* [Task to carry out]: Find "Stroh - Grün - Tapete - Wohnzimmer" below and begin at its line; stop after the line with "Bottega Veneta Bottega". Output those lines exactly, without pictures.

* [Data extracts]:
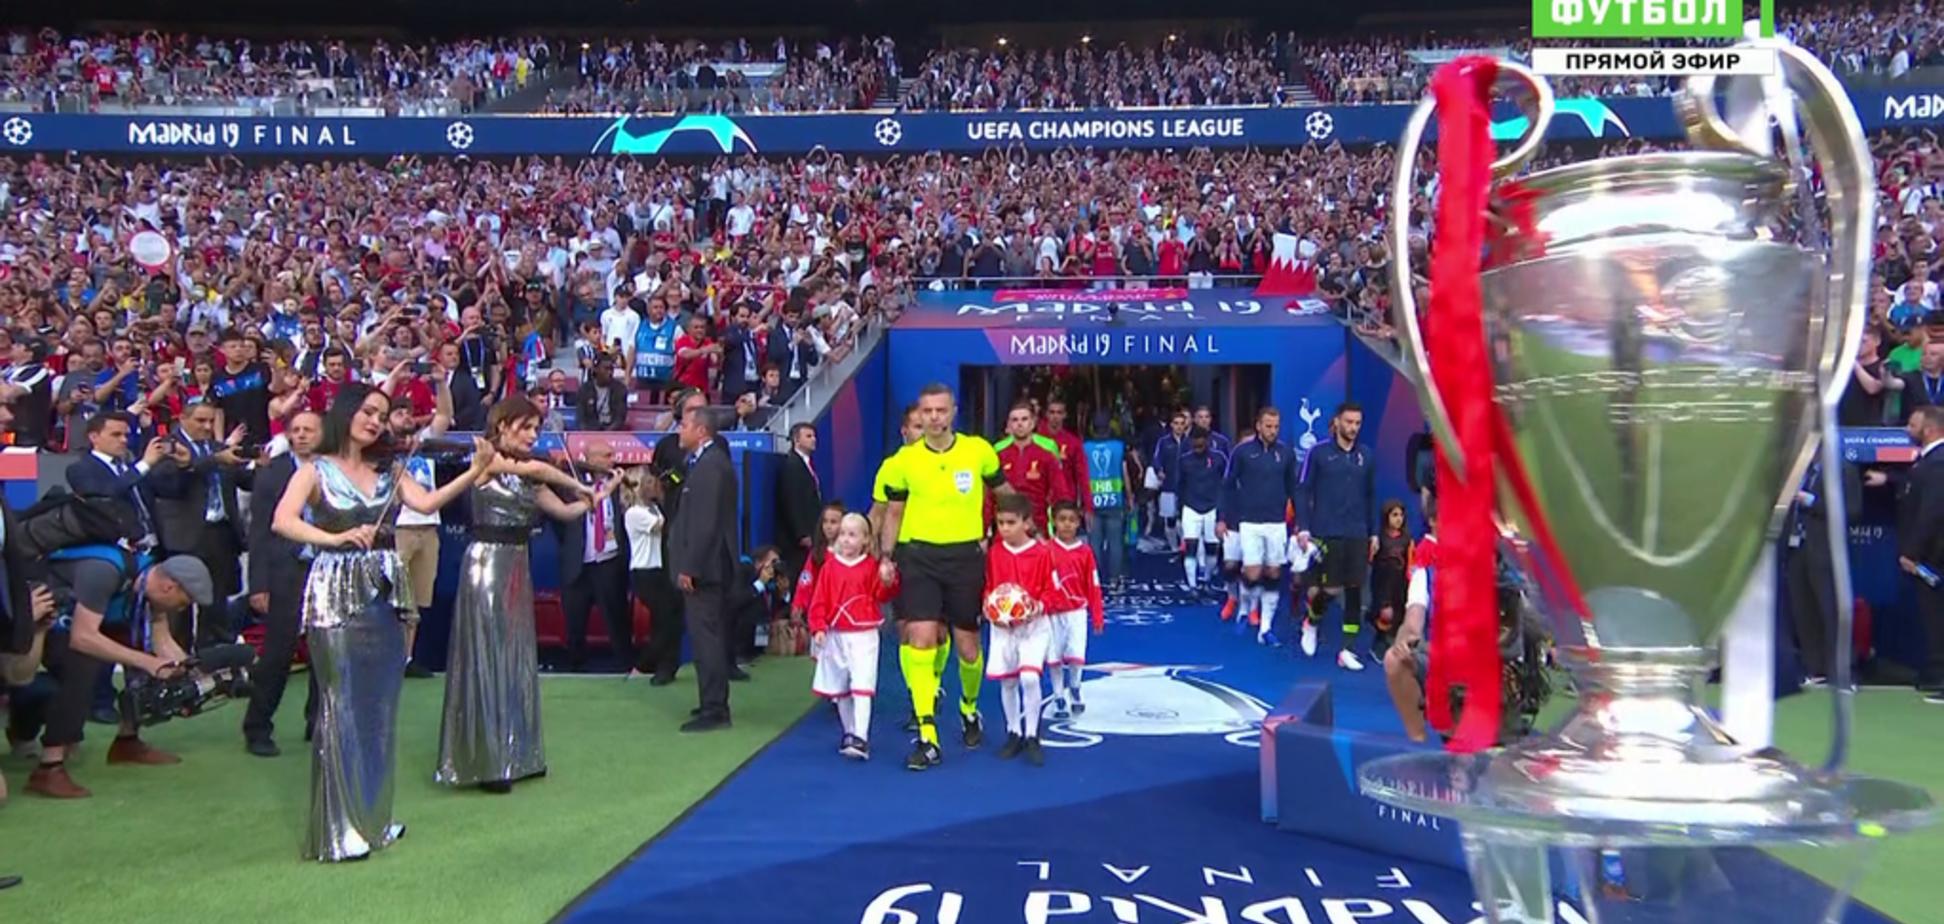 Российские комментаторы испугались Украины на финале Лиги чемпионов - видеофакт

---

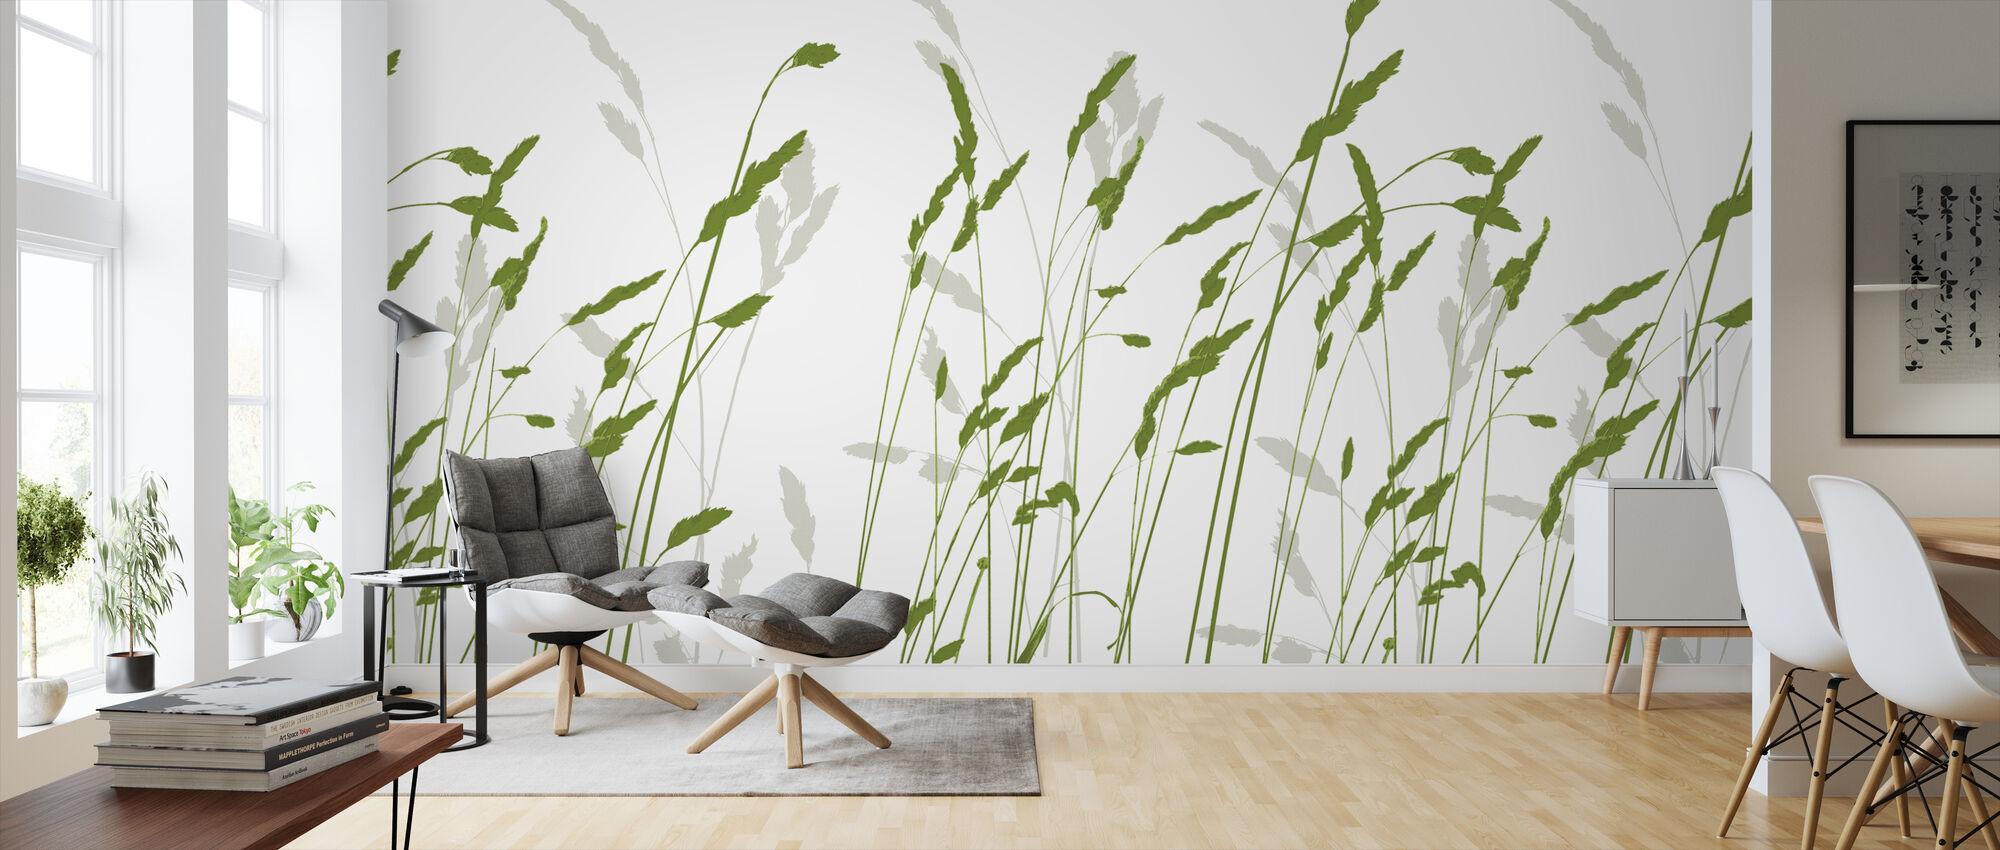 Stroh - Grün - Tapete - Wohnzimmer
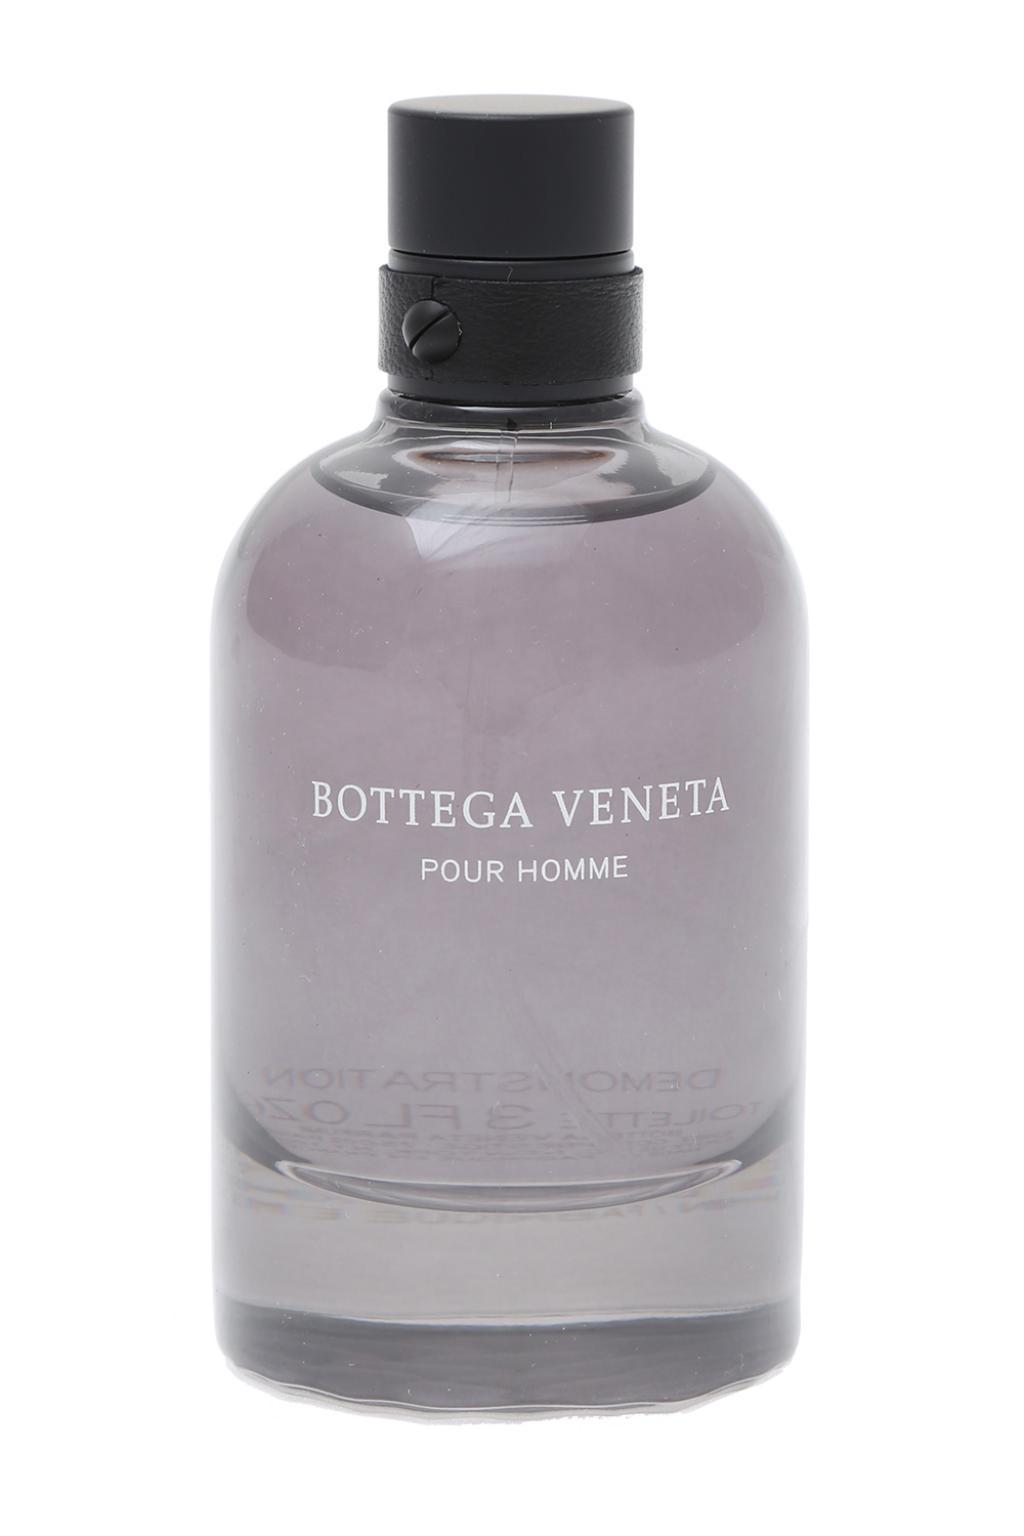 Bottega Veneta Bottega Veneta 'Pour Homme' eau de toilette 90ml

==

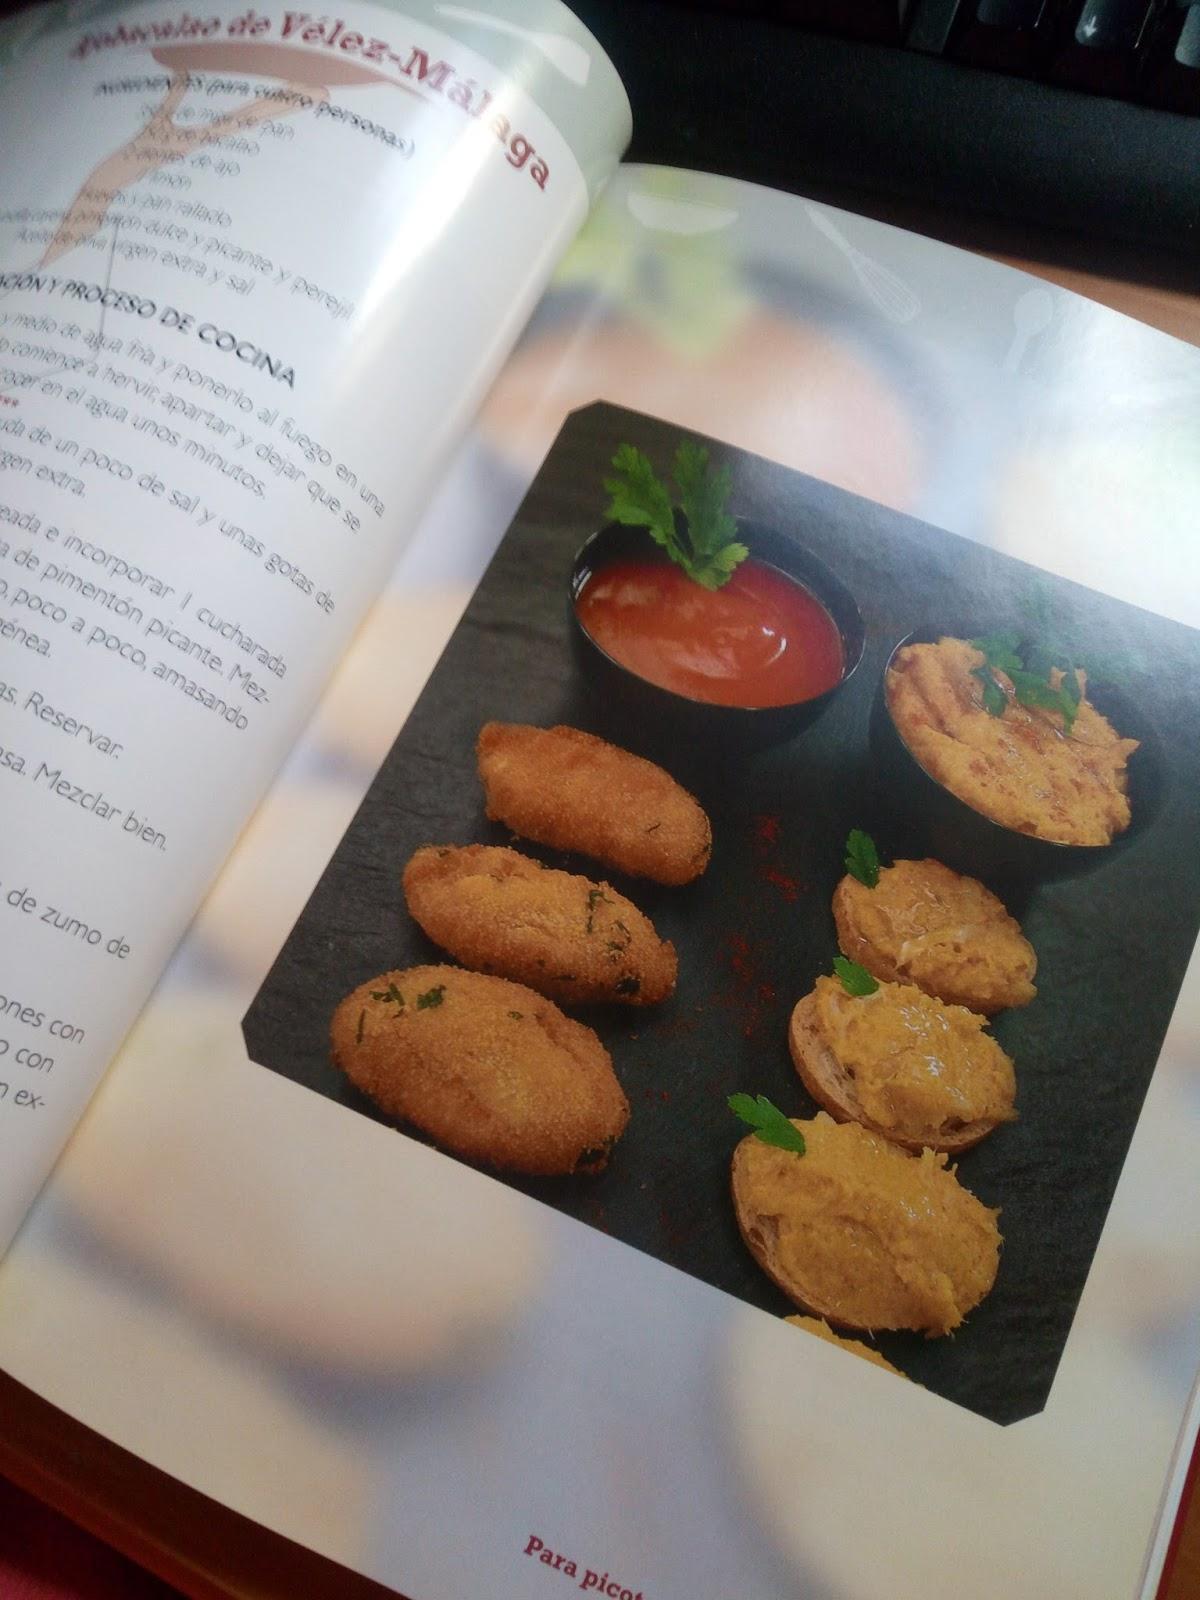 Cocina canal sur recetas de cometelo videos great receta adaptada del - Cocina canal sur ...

* [Solution below]:
 Stroh - Grün - Tapete - Wohnzimmer
 Bottega Veneta Bottega Veneta 'Pour Homme' eau de toilette 90ml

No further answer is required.